What I've been thinking of is more for the NUMA allocations per port.
If we have, say 2 sockets, 8 cores a piece, then we have 16 CPUs.  If we
assign a port to socket 0, I think the best use of resources is to
allocate 8 Rx/Tx queues, one per core in that socket.  If an application
comes from the other socket, we can have a table to map the other 8
cores from that socket into the 8 queues, instead of piling them all
into one of the Tx queues.

Cheers,
-PJ

--
To unsubscribe from this list: send the line "unsubscribe netdev" in
the body of a message to majordomo@vger.kernel.org
More majordomo info at  http://vger.kernel.org/majordomo-info.html
David Miller - Jan. 15, 2010, 9:06 a.m.
From: Peter P Waskiewicz Jr <peter.p.waskiewicz.jr@intel.com>
Date: Fri, 15 Jan 2010 01:00:20 -0800

> What I've been thinking of is more for the NUMA allocations per port.
> If we have, say 2 sockets, 8 cores a piece, then we have 16 CPUs.  If we
> assign a port to socket 0, I think the best use of resources is to
> allocate 8 Rx/Tx queues, one per core in that socket.  If an application
> comes from the other socket, we can have a table to map the other 8
> cores from that socket into the 8 queues, instead of piling them all
> into one of the Tx queues.

I fail to see how this can act substantially better than simply
feeding traffic evenly amongst whatever group of queues have
been configured.
--
To unsubscribe from this list: send the line "unsubscribe netdev" in
the body of a message to majordomo@vger.kernel.org
More majordomo info at  http://vger.kernel.org/majordomo-info.html
Waskiewicz Jr, Peter P - Jan. 16, 2010, 10:53 a.m.
>-----Original Message-----
>From: David Miller [mailto:davem@davemloft.net]
>Sent: Friday, January 15, 2010 1:06 AM
>To: Waskiewicz Jr, Peter P
>Cc: krkumar2@in.ibm.com; netdev@vger.kernel.org; Kirsher, Jeffrey T
>Subject: Re: ixgbe: [RFC] [PATCH] Fix return of invalid txq
>
>From: Peter P Waskiewicz Jr <peter.p.waskiewicz.jr@intel.com>
>Date: Fri, 15 Jan 2010 01:00:20 -0800
>
>> What I've been thinking of is more for the NUMA allocations per port.
>> If we have, say 2 sockets, 8 cores a piece, then we have 16 CPUs.  If
>we
>> assign a port to socket 0, I think the best use of resources is to
>> allocate 8 Rx/Tx queues, one per core in that socket.  If an
>application
>> comes from the other socket, we can have a table to map the other 8
>> cores from that socket into the 8 queues, instead of piling them all
>> into one of the Tx queues.
>
>I fail to see how this can act substantially better than simply
>feeding traffic evenly amongst whatever group of queues have
>been configured.

On systems with a large number of cores, and depending on how a NIC is allocated to a set of processors, there is a difference.  If a port is allocated to socket three on a large NUMA system, then it could be CPUs 16-23 that it'd be using, and I'd have 8 Tx/Rx queues.  I can either use the easy approach Krishna has, which could then execute two minus operations, or I can setup a lookup table in the driver on open(), and then I make a single indexed lookup.  Using the lookup table makes the queue selection O(1) for whatever CPU/queue layout we come up with.

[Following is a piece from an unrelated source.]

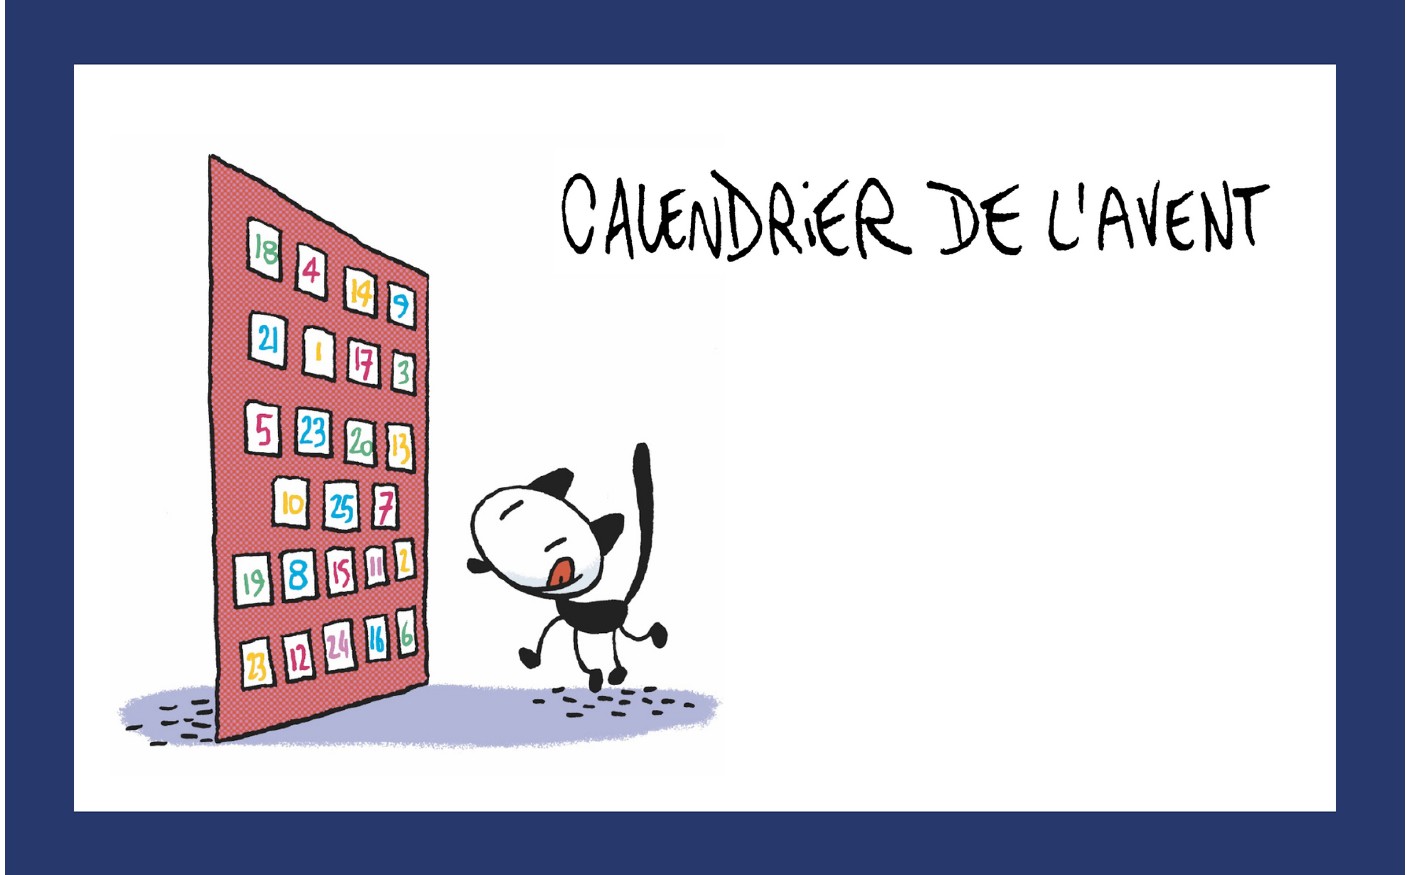 Calendrier site angouleme

Either way works though.  I still think the table is the better way to go, because of the determinism for any system and NIC configuration/layout.  The overhead of configuring the table is taken during open(), so it's not in the hotpath at all.

Cheers,
-PJ
--
To unsubscribe from this list: send the line "unsubscribe netdev" in
the body of a message to majordomo@vger.kernel.org
More majordomo info at  http://vger.kernel.org/majordomo-info.html
David Miller - Feb. 12, 2010, 7:55 p.m.
From: "Waskiewicz Jr, Peter P" <peter.p.waskiewicz.jr@intel.com>
Date: Sat, 16 Jan 2010 02:53:15 -0800

> Either way works though.  I still think the table is the better way
> to go, because of the determinism for any system and NIC
> configuration/layout.  The overhead of configuring the table is
> taken during open(), so it's not in the hotpath at all.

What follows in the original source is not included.